In the model, immunity that lasts about a year would result in annual outbreaks of covid-19 (assuming no social distancing or any other interventions), while longer immunity results in increasingly less frequent outbreaks. These outbreaks would also be less severe if it turns out that a person who has had one of the other coronaviruses also gains some level of immunity to SARS-CoV-2.
The researchers’ model, by their own description, makes many simplifying assumptions. It does not consider how aggressive contact tracing might suppress the virus’s spread, for example. And it models all people identically: everyone is either susceptible, exposed, infectious, or recovered. There is no way, within their framework, to account for how people of different ages tend to react to the virus differently, for instance.
They also assume an R0 in the absence of social distancing—the average number of susceptible people a victim infects—of between 2 and 2.5. Some studies have suggested R0 is higher than that, and this would actually be good news—it would mean that the virus has already spread far more widely, and is far less deadly, than is generally believed to be the case. As Lipsitch said, “If there is more herd immunity in the population than we believe, each case we know about may be generating more immunity through mild cases than we have been thinking. That is certainly possible.” And they assume, for the purposes of the model, that no progress will be made in treating the disease, or creating a vaccine.
Under these assumptions—and assuming in addition that social distancing reduces the virus’s transmissibility by 60% and that summertime reduces it by 40%—the model forecasts that in order to maintain the number of cases requiring critical care below what hospitals can currently handle, the US would need to maintain current social distancing conditions through the middle of May, reinstate them for the month of August and again in late October through the end of the year, and then from February to April 2021, in June 2021, and for comparable periods in 2022 and beyond.

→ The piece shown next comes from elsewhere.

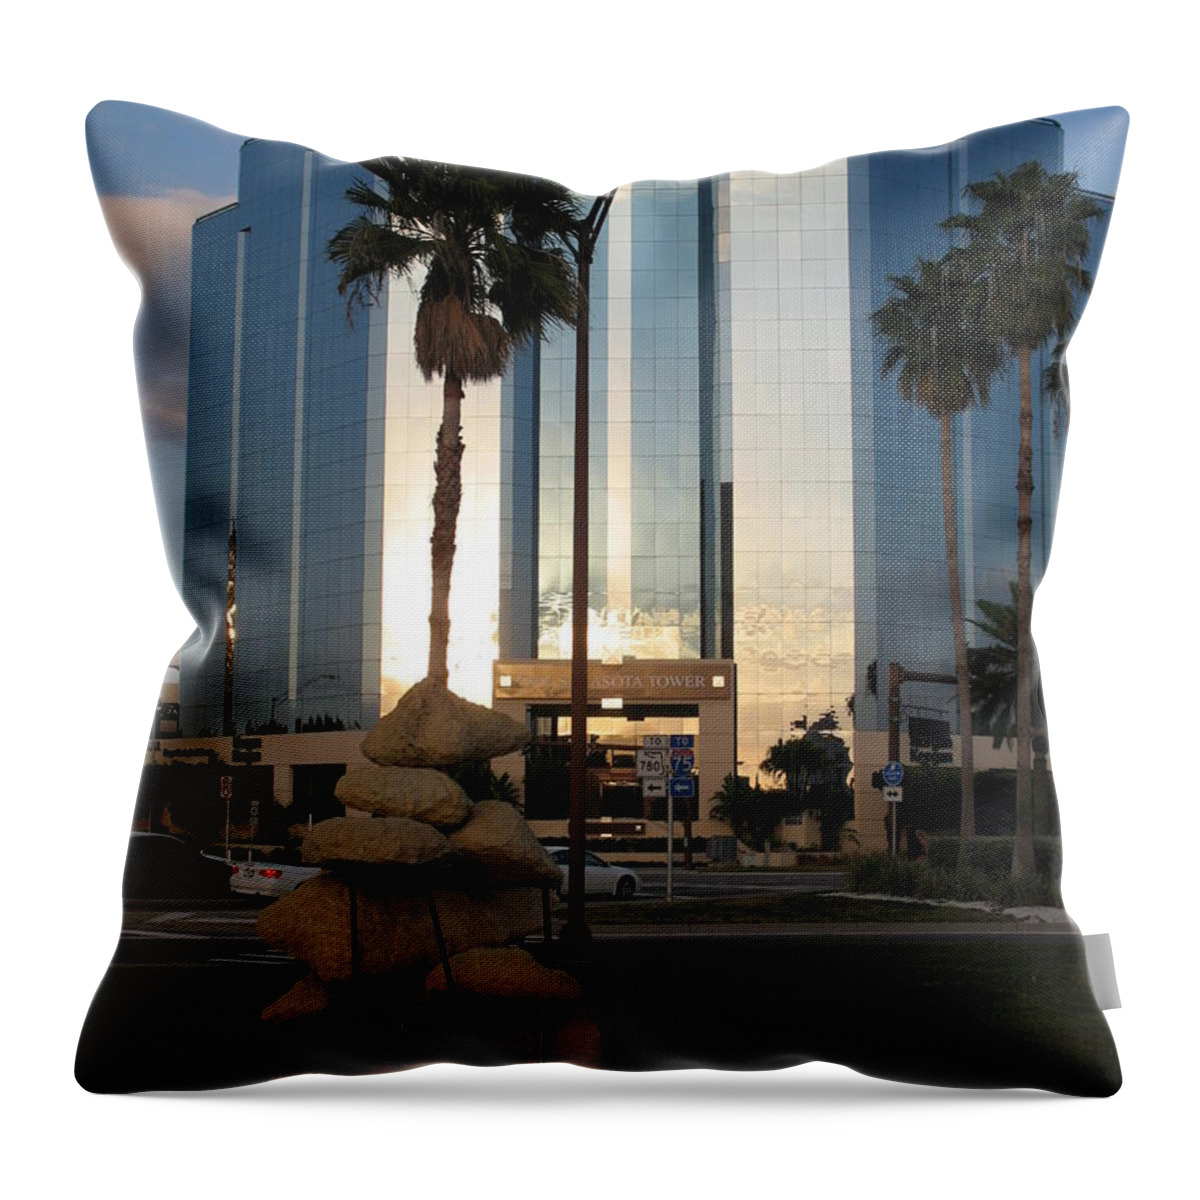 Art Throw Pillow featuring the photograph Sarasota Waterfront - Art 2010 by Christiane Schulze Art And Photography

Doubling the number of critical care beds—but keeping the other assumptions the same—would make for a much better picture. After three more one-or-two-month intervals through the middle of 2021, and then a month-long period at the end of 2021, the US would reach herd immunity by July 2022.
Still, with so many unknowns, the combinations of parameters can quickly multiply. The researchers considered dozens of different scenarios in their paper. In all of them, “several rounds of social distancing will be required to get us to herd immunity in the absence of a vaccine,” Lipsitch said.
The uncertainty is about how many rounds would be needed, and there is no reason to believe with confidence that it has to take until the summer of 2022. It should be possible to much more than double the number of critical care beds, for instance. Effective contact tracing would allow us to identify more accurately who is most likely to have been exposed to the disease instead of having to lock entire districts down. And if widespread tests can be conducted in the next month or so, we’ll have much better data on how far the virus has spread, and how far it could still go. Even if the US is not at the forefront of testing, better data from, say, Germany or Finland would still allow modelers to forecast with much greater confidence.
But as Zeynep Tufekci noted in the Atlantic, such models aren’t supposed to predict the future. Rather, they’re supposed to describe “a range of possibilities”—and “those possibilities are highly sensitive to our actions.” We might be in for years of isolation if we don’t take certain actions. We could choose to take them instead.